Виктор опять с недоумением посмотрел на Татьяну, будто она могла ответить ему, в чем тут дело.

— Чокнулся он, что ли? — пробормотал Виктор и пошел за Федором Ивановичем в другую комнату.

— Как — уехала? — спросил он, стоя на пороге.

— А вот так! За ней этот пьяница из деревни заявился! Охмурил и увез! Увез, понятно?!

— Какой пьяница? — Виктор даже вздрогнул.

Федор Иванович молчал, смотрел в окно.

— Какой пьяница? — Виктор шагнул в комнату, взял Федора Ивановича за плечо, повернул к себе. По лицу отчима текли слезы.

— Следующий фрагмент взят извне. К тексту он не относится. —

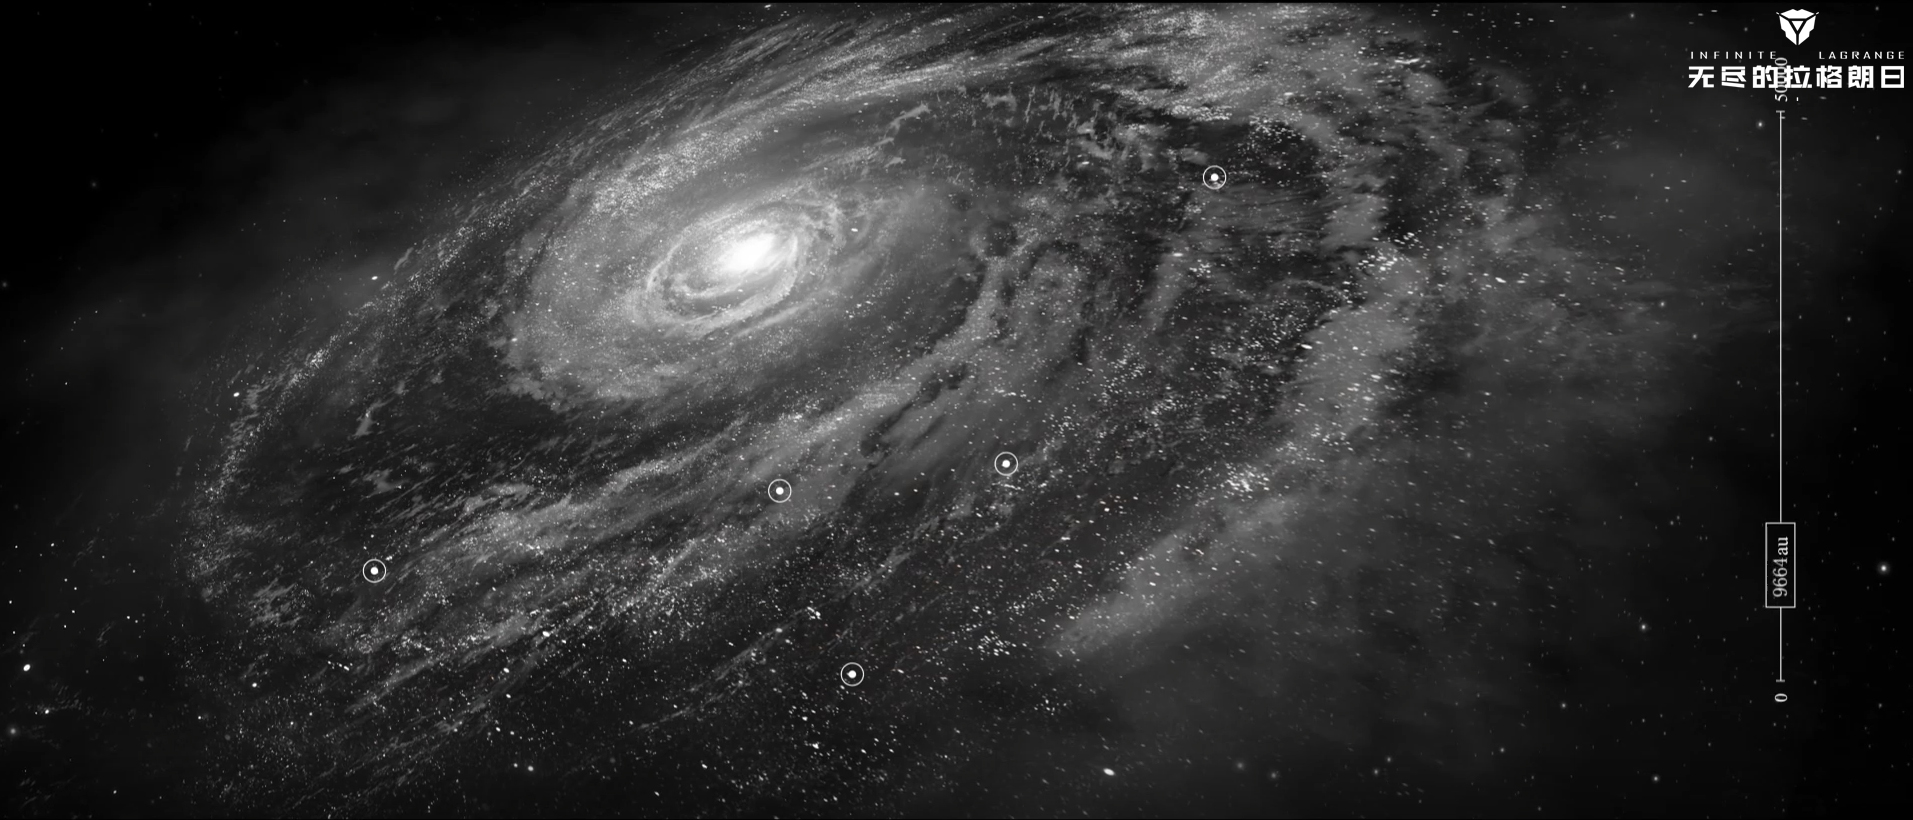 从近地球航行到穿梭银河系：《无尽的拉格朗日》中的太空探索历程
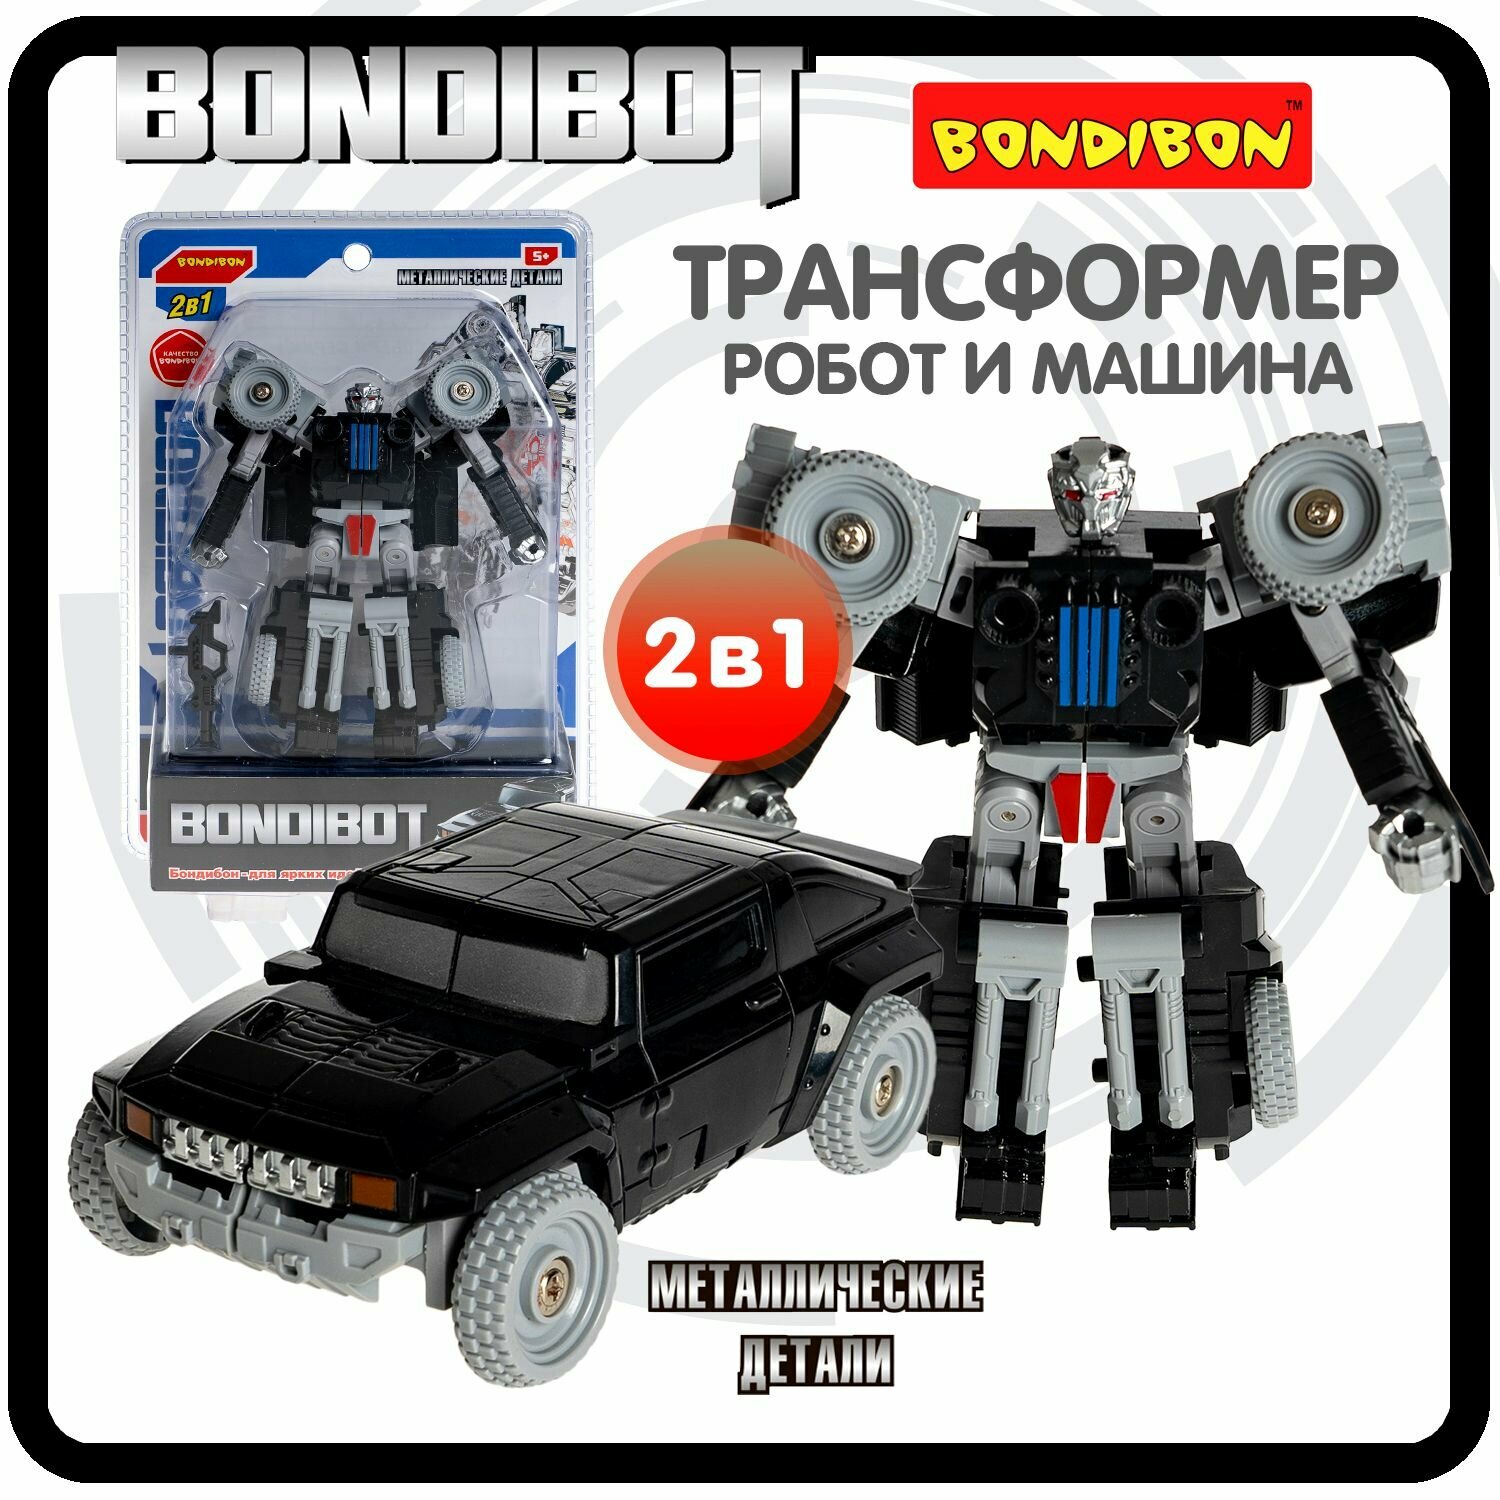 Трансформер робот-машина джип, метал. детали, 2в1 BONDIBOT Bondibon, цвет чёрный, CRD 13,5х19х6,7см

— Степан Егорыч твой любимый… Даже в дом заявился, наглости хватило… Они вдвоем собрались и уехали… — Федор Иванович достал платок, трубно высморкался, красными глазами посмотрел на Виктора. — Разве ж это по-людски, а? Разве я ей плохой муж был? Обижал или что другое плохое делал?

Виктор медленно побрел из комнаты.

— Зарплату до копейки в дом тащил, с работы — домой, из дома — на работу… Э-эх! — Он опять высморкался, сказал спокойнее: — Она тебе там записку написала… На кухне лежит…

Виктор пошел на кухню, разыскал среди груды немытой посуды скомканную записку.

«…Витенька, милый, драгоценный мой, ты меня поймешь и простишь. Ты теперь вон какой сокол стал, крылья вон какие выросли… А без меня человек один мается, мучается… Люблю я его, Витенька, все эти годы любила… А теперь вот взяла и решила. Ты меня не обессудь. Ты теперь взрослый, умный, все поймешь… Не ругай сильно. Приезжай. Вот адрес…».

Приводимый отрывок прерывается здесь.